◆ **Data excerpt**
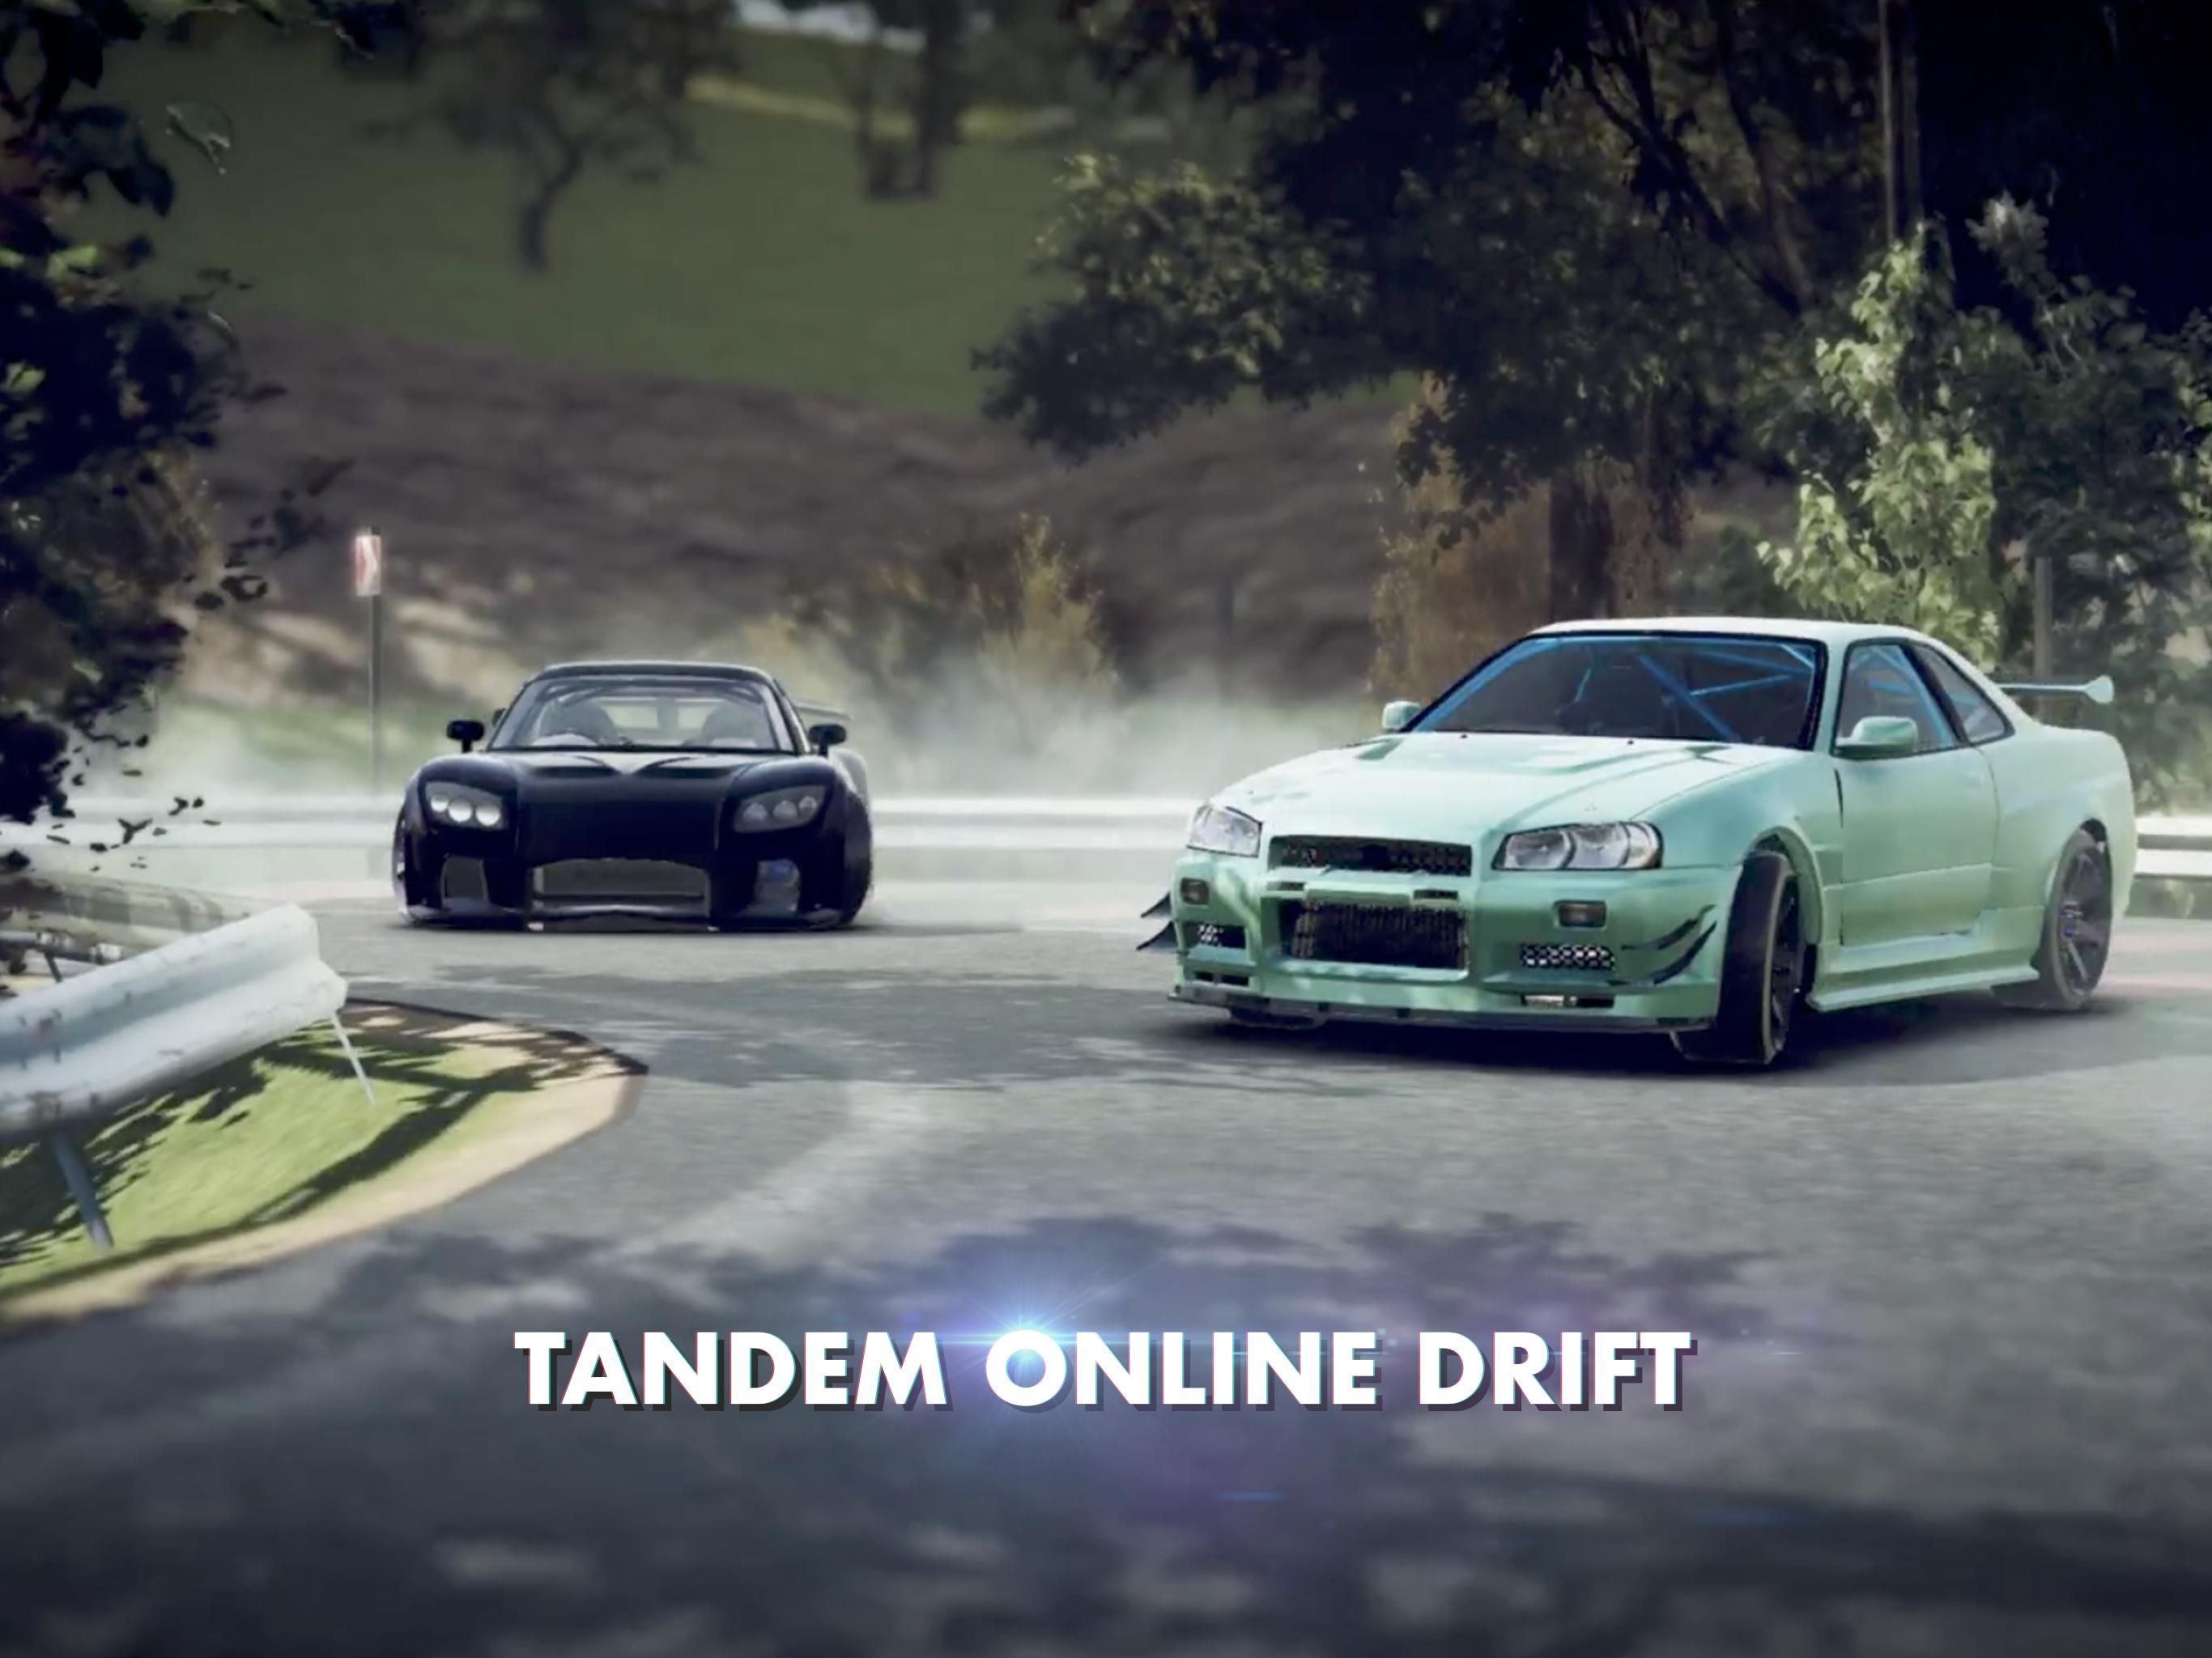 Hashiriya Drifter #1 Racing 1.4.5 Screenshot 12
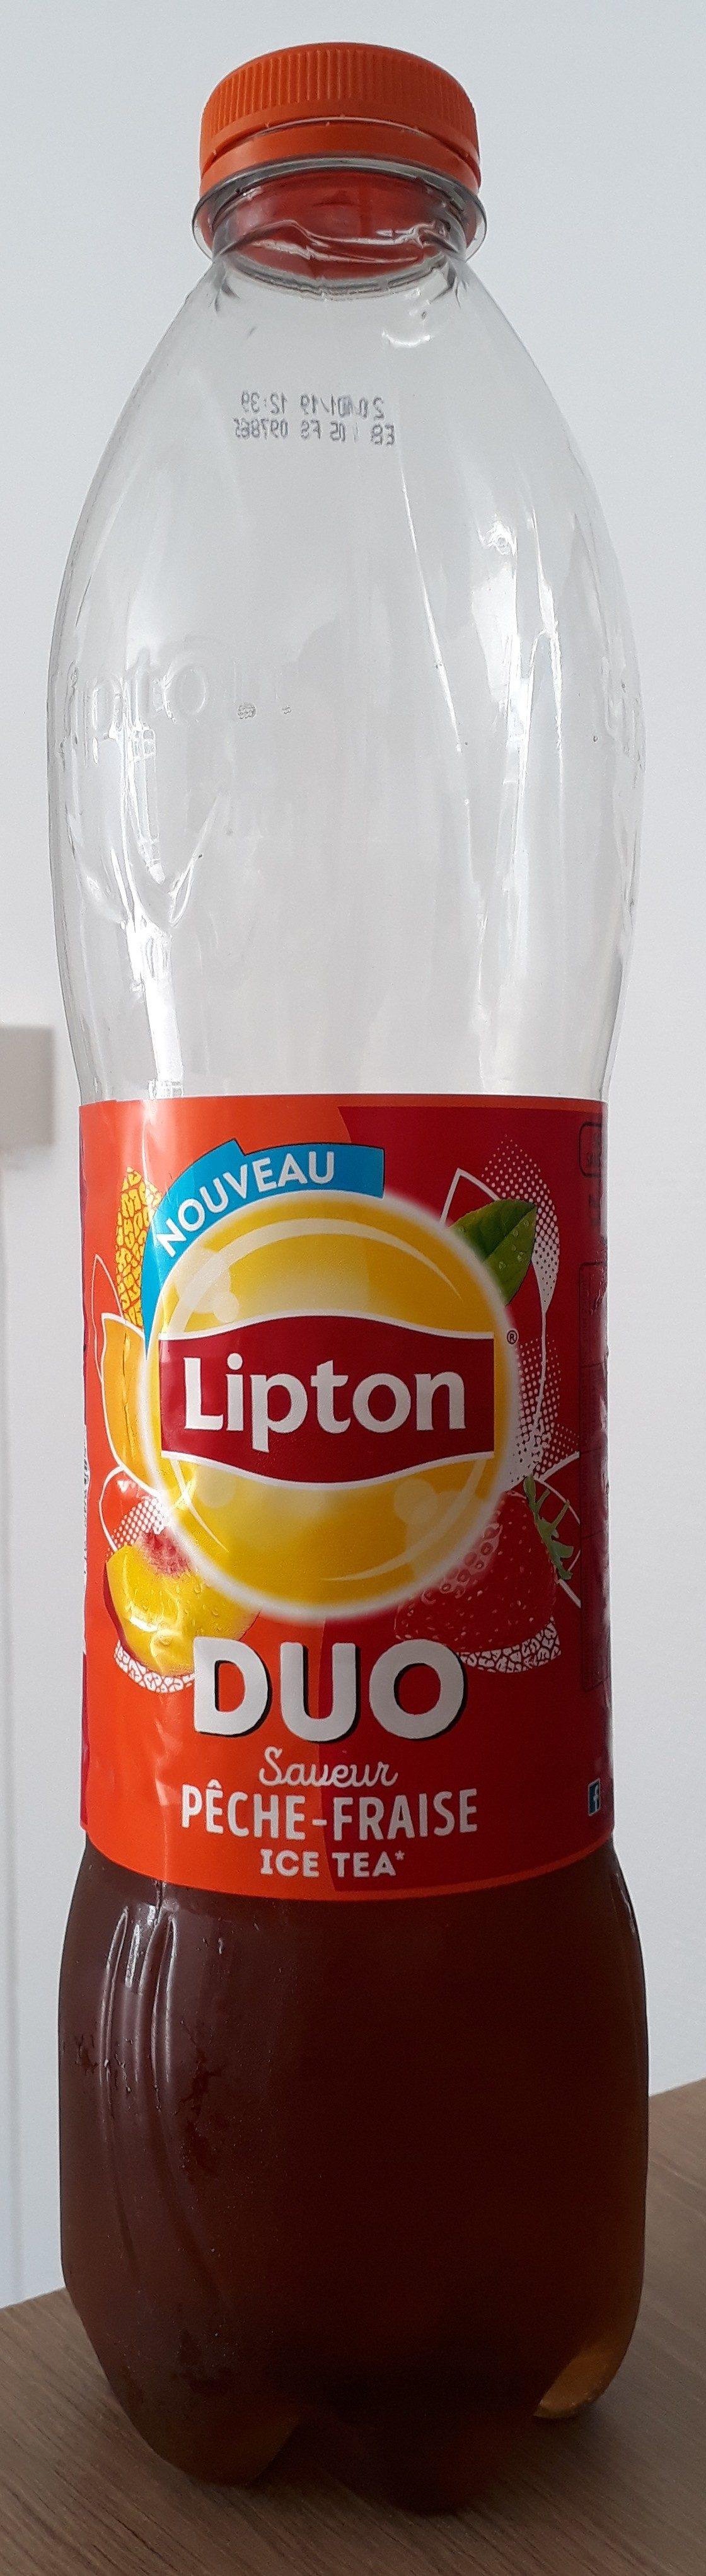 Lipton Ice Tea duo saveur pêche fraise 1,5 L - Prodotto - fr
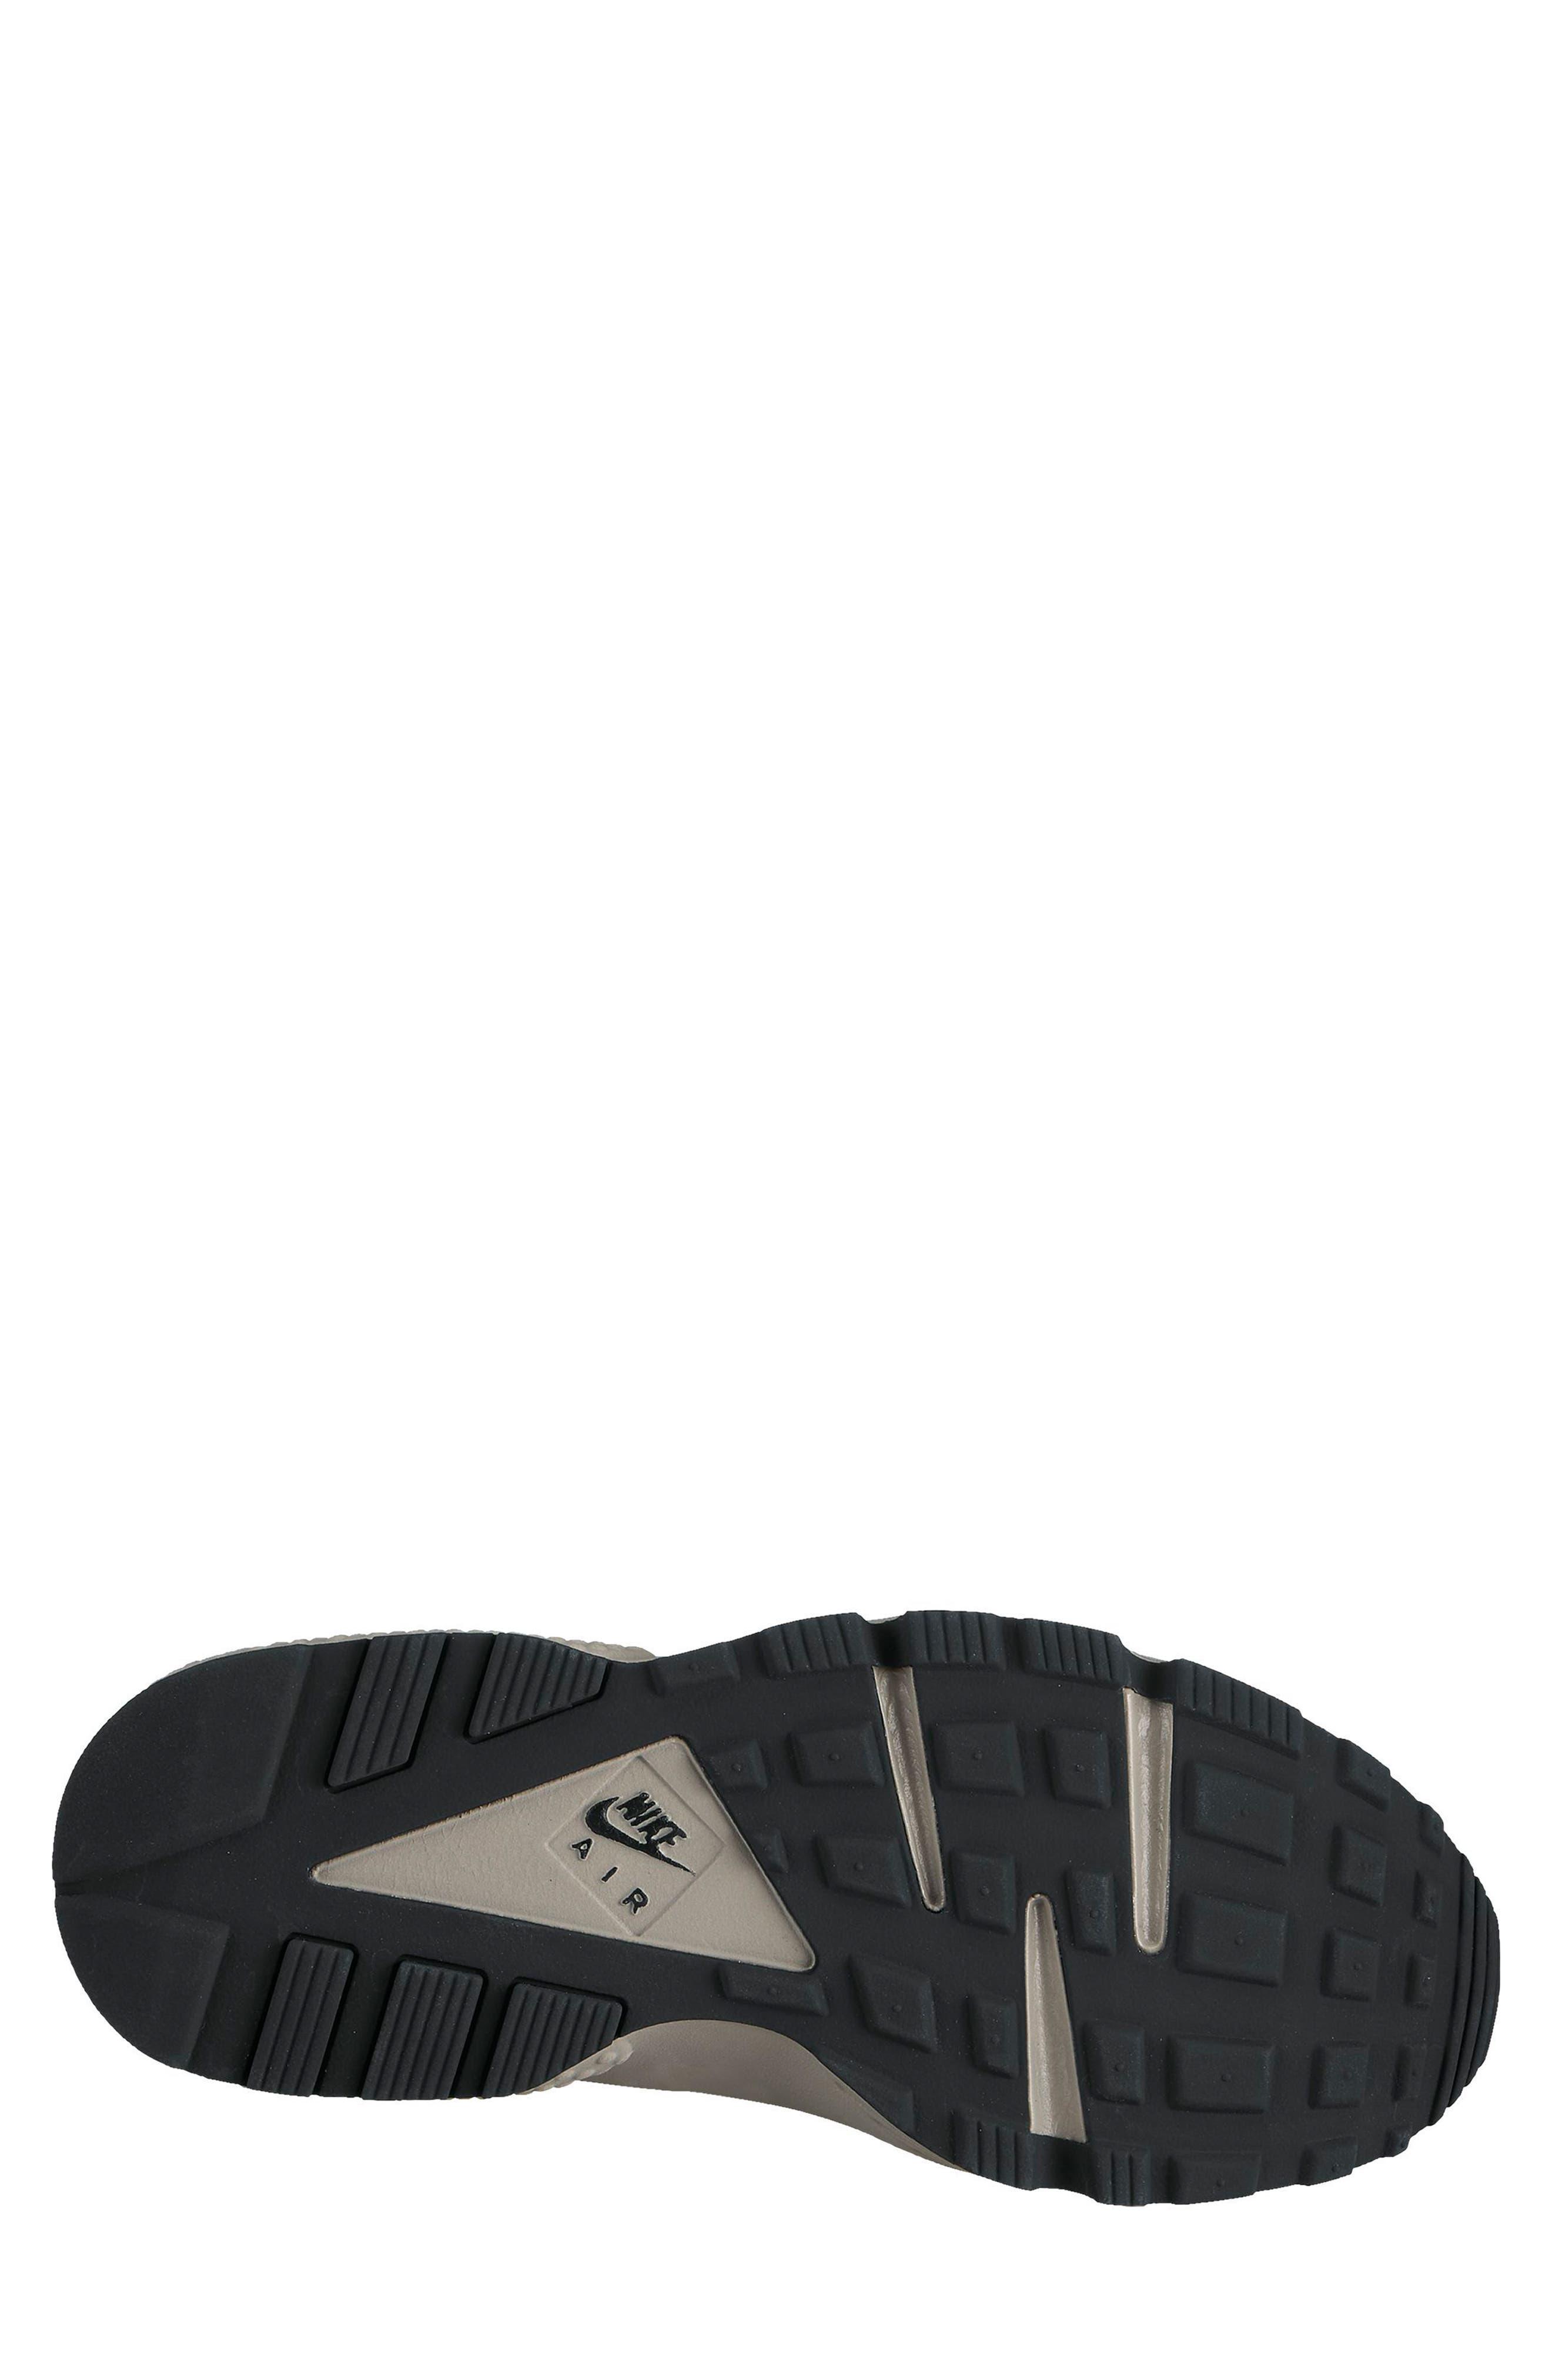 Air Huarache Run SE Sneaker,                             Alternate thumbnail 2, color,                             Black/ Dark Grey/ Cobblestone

◆ **Task to complete**
Would you copy out all the data exactly, without the images?

◆ **Expected answer**
 Hashiriya Drifter #1 Racing 1.4.5 Screenshot 12
 Lipton Ice Tea duo saveur pêche fraise 1,5 L - Prodotto - fr
 Air Huarache Run SE Sneaker,                             Alternate thumbnail 2, color,                             Black/ Dark Grey/ Cobblestone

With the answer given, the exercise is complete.